# Available records
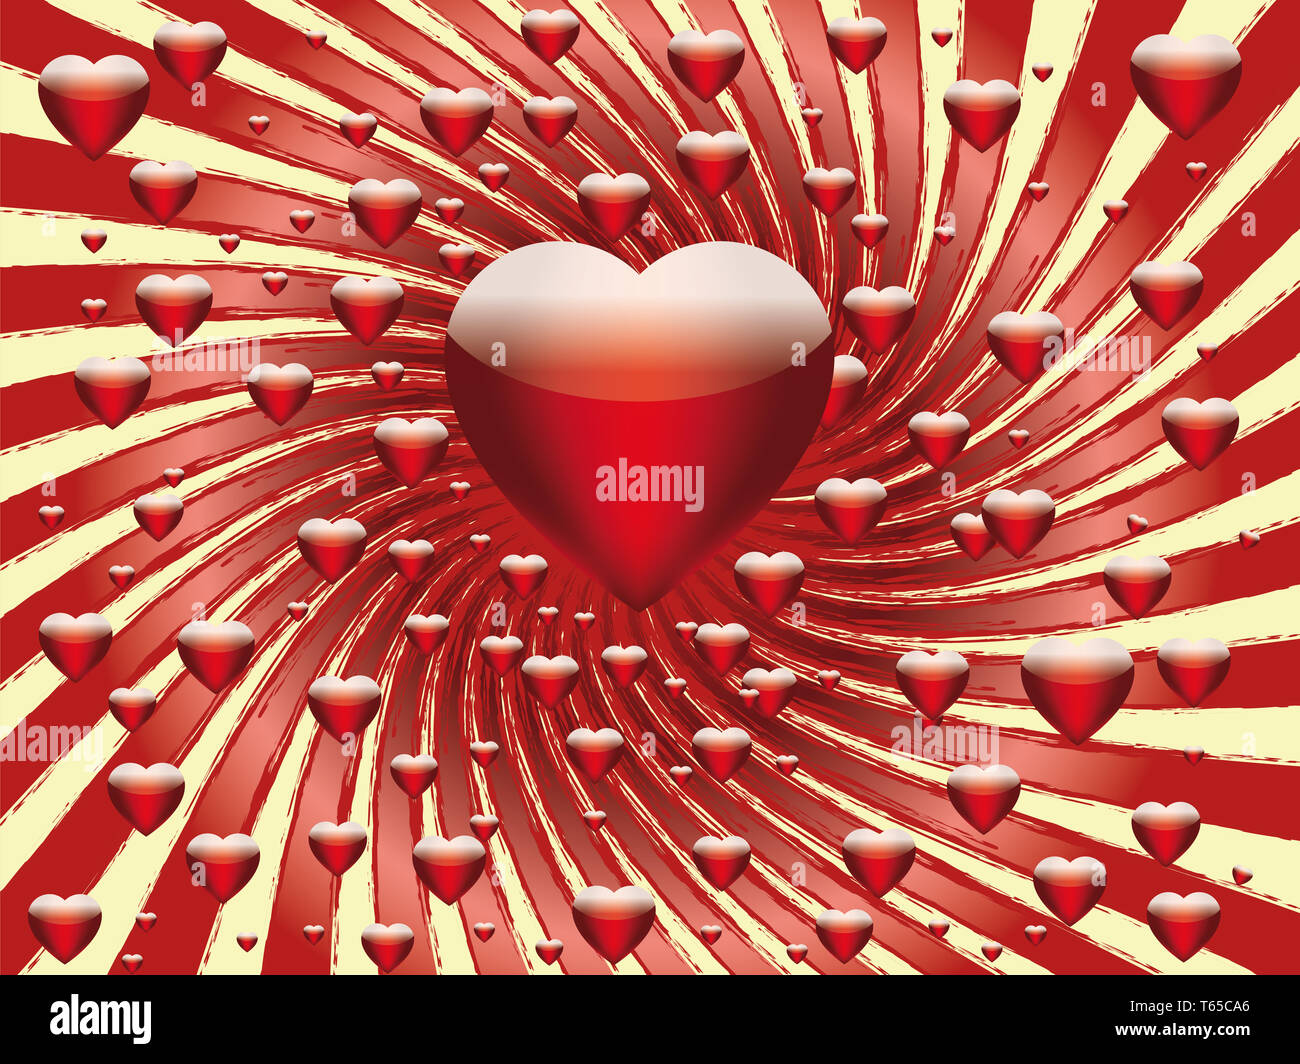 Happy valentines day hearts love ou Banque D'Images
==
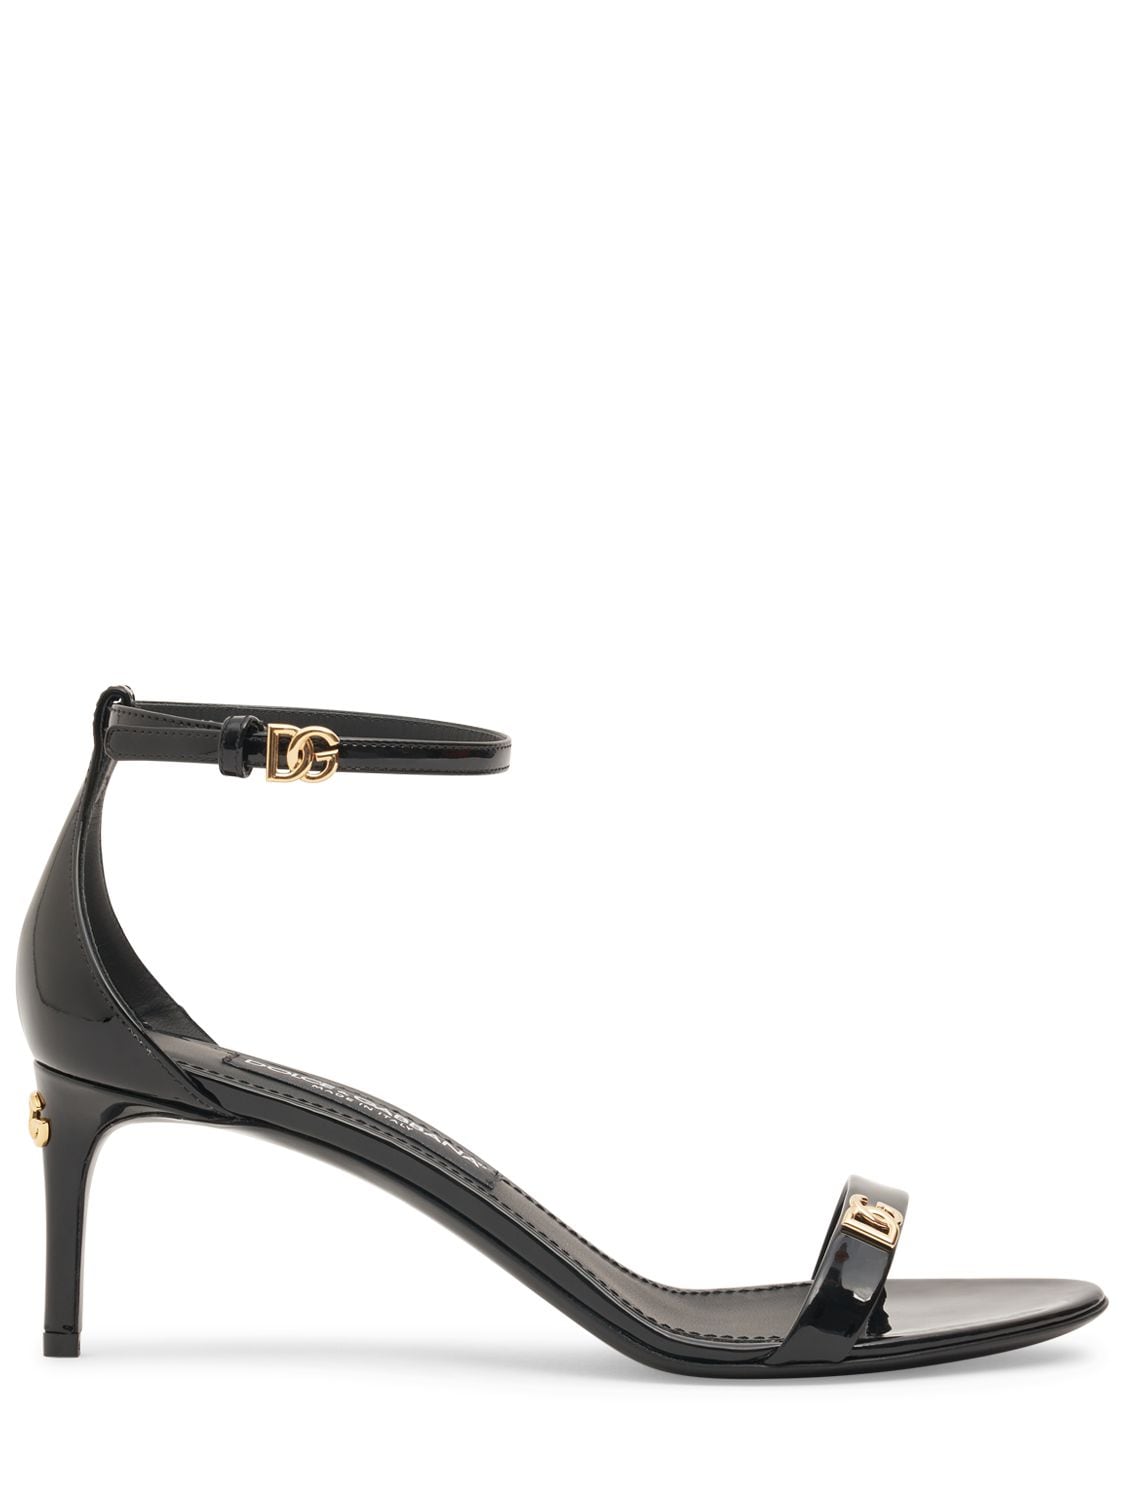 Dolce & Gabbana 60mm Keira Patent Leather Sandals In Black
==
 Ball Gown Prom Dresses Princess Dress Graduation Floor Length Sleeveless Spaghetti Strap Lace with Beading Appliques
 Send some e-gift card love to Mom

# Goal of the exercise
Using the entries above, return exactly the lines from the line with "Ball Gown Prom" to the line with "Send some e-gift card love to Mom", counting both of those lines.

# Written solution
 Ball Gown Prom Dresses Princess Dress Graduation Floor Length Sleeveless Spaghetti Strap Lace with Beading Appliques
 Send some e-gift card love to Mom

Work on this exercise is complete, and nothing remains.